PerspectivesNikesha Elise Williams Jacksonville Today Contributor

Opinion: What are we teaching our children?

Published on November 15, 2021 at 7:18 pm
What are we teaching our children?
A Confederate monument in Springfield Park is covered with a tarp to prevent vandalism.

City Council has withdrawn the Confederate monument legislation and may never take it up again —  an act of cowardice that took place last week in an open forum where no one seemed the least bit dismayed or even ashamed. As it happened, I wondered, What are we teaching our children? 

Recently, on First Coast Connect with Melissa Ross, my fellow roundtable panelist and Jax Today columnist A.G. Gancarski suggested that this generation of children won’t understand what these monuments mean anyway. I disagreed then as I disagree now. 

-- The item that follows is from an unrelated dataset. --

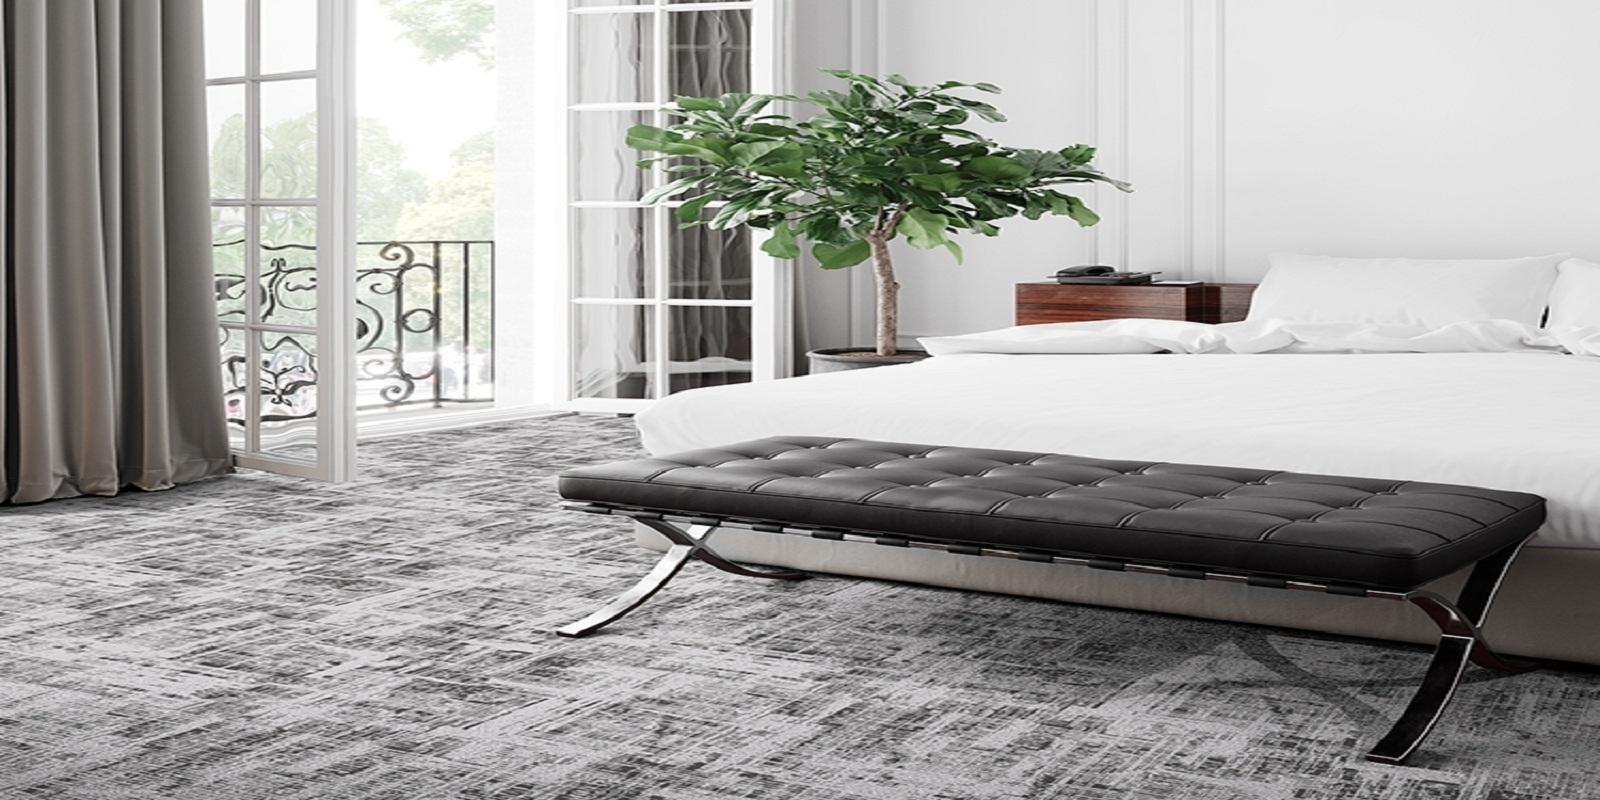 Thảm trải sàn giá rẻ nhất tại tphcm

Just because our education system does not teach the full truth of the atrocities of American history does not mean that some children won’t learn about them. Race predicates that Black and brown children learn about the worst of America so that they have some context to apply to the inevitable racism they will face in their life. 

Refusing to remove the Confederate monuments and relocate them to a place where they can be viewed and interrogated within the context of history forces young Black children to engage with the antagonizing bastions of white supremacy. In this engagement are overt messages of subjugation and oppression, of second-class citizenship due to a race-based caste system, and otherness. Young Black children are forced to bear the burden of responsibility for being descendants of the enslaved and the heart of a war where liberation was more war tactic than end goal.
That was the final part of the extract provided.